If we know our horses we can usually tell when they are ready for something or not. The problem is someone else who DOESN'T know our horse, usually someone who's experience we respect, talking us into things. (This has happened to me.)

I have a "feeling" that my Dusty needs to go slowly with training. Some experienced horse folk have tried to talk me into moving faster with him, but I know in my heart he is not ready. I've had a horse that was ready to work in a short time. It was almost as though he was "born old", like George Bailey.

After working with a hrose, grooming, leading, teaching--we get to know how ready he is to learn something new.

I look forward to hearing more about Raphael Nadarling's progress. Sounds as though he will be lots of fun to work with!


----------



## RhineStone (Feb 16, 2011)

rabbitsfizz said:


> I did once go from standing looking at the cart to pulling it round the field in an hour........
> 
> 
> 
> ...


Yes, many times horses that are already broke to ride are quite easy to get in the cart IF (I'll repeat....IF) they are OK with the idea of that thing following them. Some horses will never drive. Heck, I had one that wouldn't even line drive!



She would freak out at the idea of the longlines flapping behind her!

The hardest parts about training a driving horse are first bitting, steering, and control, and then the cart itself. Riding horses already have the control part down. Spider was pretty easy to break to drive, as was my old Arab. And they really enjoyed being drove more than being rode.

Myrna


----------



## hobbyhorse23 (Feb 16, 2011)

Marsha Cassada said:


> We all have a "feeling" about our horses. Rhinestone mentioned her mom, and Hobbyhorse mentioned instances when they had a "feeling" things weren't right in a driving situation.

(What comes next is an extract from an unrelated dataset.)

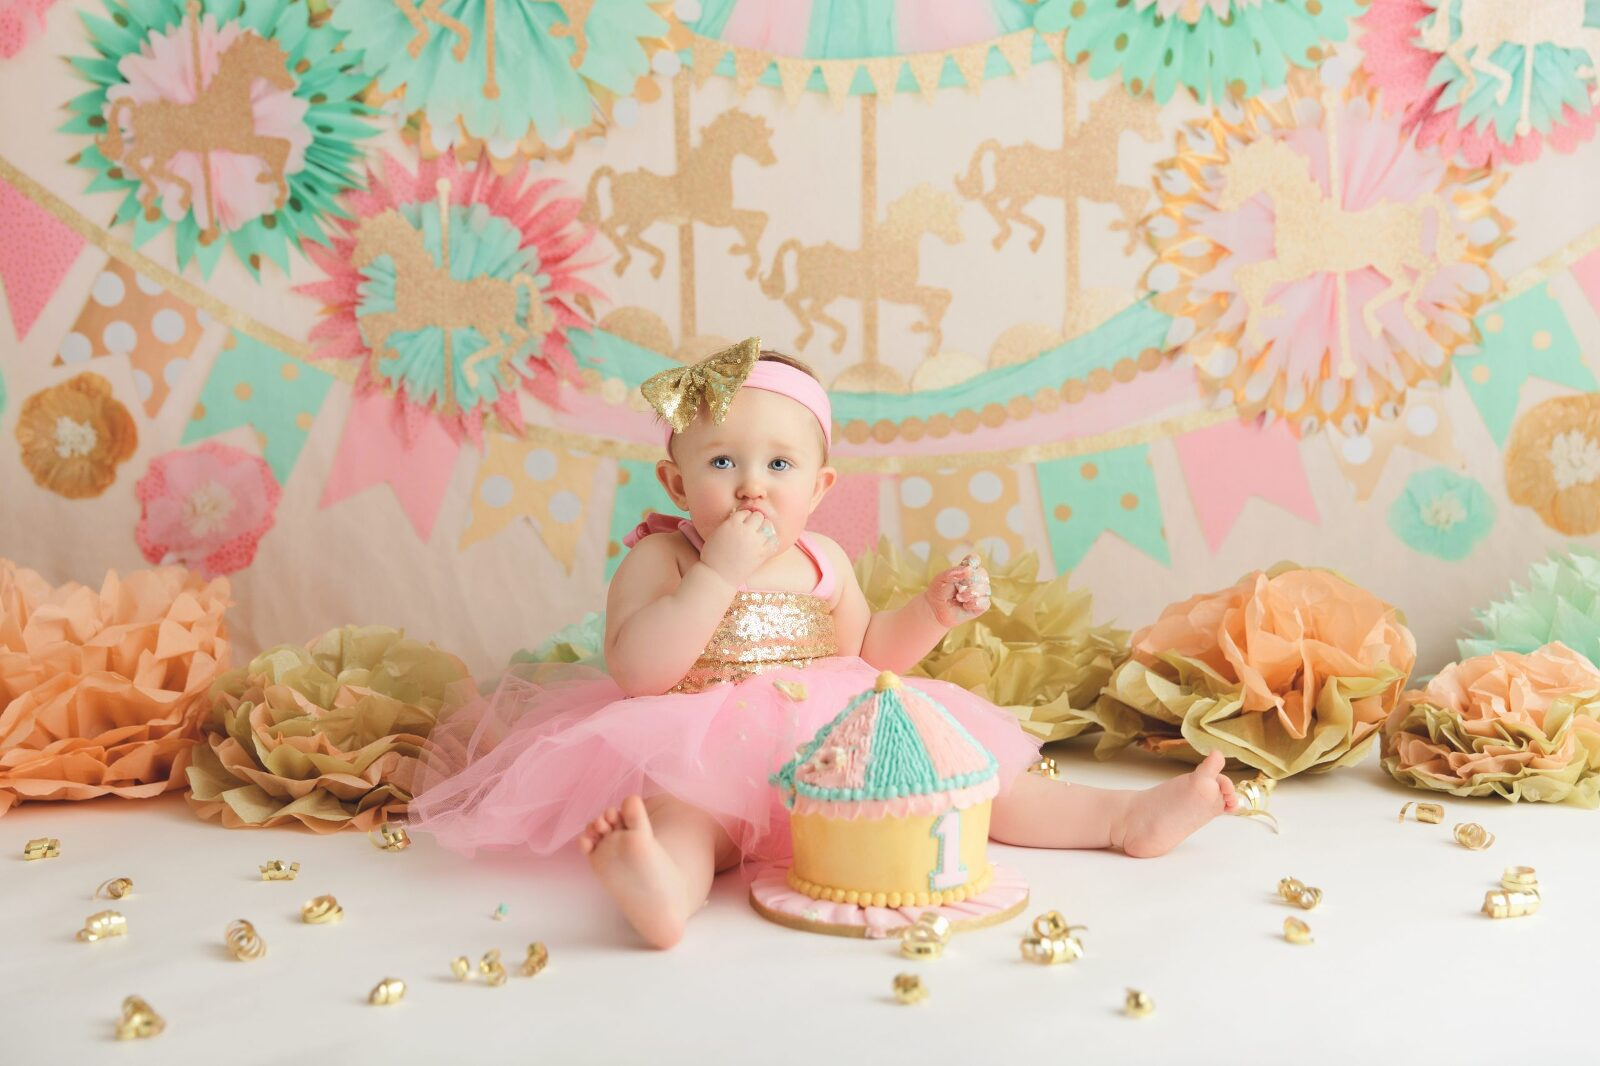 circus theme, cake smash, teal, pink, cake

Absolutely. I know most people would have had Turbo in harness last year and some thought I was being way too emotive when I said he wasn't ready because to all appearances, he was totally accepting. You could throw an entire harness on him, buckle it all up, and he'd never so much as clamp his tail. I threw costume wings on him and let him gallop around with them on, did rope work with his legs, all sorts of stuff and he never spooked at any of it. But I KNEW, deep down where unquestioned truth lives, that he was accepting of it all because he felt we were playing dress-up. It was a game which he enjoyed because it was pure fun, no stress, nothing he had to understand. If I had pushed him and left that stuff on, asked him to start working with the tack on, he would have felt first confused then frightened and stressed and all the fun would have drained out of it immediately.

What a crime that would have been! He would have gone from welcoming training as a fun game and looking forward to our sessions to dreading them and I would have lost a potentially wonderful partner. I never saw an outward sign of it but I got the strong feeling that if I ever pushed him too far he'd lock up mentally, have a melt-down, and that he'd never, ever forget it. He's got just enough Arenosa in him to be a little reactive that way, a little combative and rigid under stress, even though he's a laidback boy in general.

With nine more months under his belt he's grown up a lot and is now eager to work and mature enough to concentrate on learning new skills in bigger chunks without feeling stressed. That little warning voice in my head has gone away so now I'm content to begin his formal training and get him in the cart after his third birthday. It is SO important to listen to your instincts about your horse when they're warning you of something! The trainer may in fact be the expert in their discipline and you should definitely listen to them, but also trust that YOU are the expert when it comes to your horse and you need to trust your own knowledge as thoroughly as the trainer trusts theirs. You must be your horse's advocate, always. They cannot speak for themselves.

Far better to go too slow and bore the horse than go too fast and ruin them. Best of all of course is to go as fast as the horse is comfortable with!





Leia


----------



## RhineStone (Feb 16, 2011)

hobbyhorse23 said:


> I never saw an outward sign of it but I got the strong feeling that if I ever pushed him too far he'd lock up mentally, have a melt-down, and that he'd never, ever forget it. That little warning voice in my head has gone away so now I'm content to begin his formal training and get him in the cart after his third birthday. It is SO important to listen to your instincts about your horse when they're warning you of something!


And that, my friends, is the difference between a hobbiest and a horseman!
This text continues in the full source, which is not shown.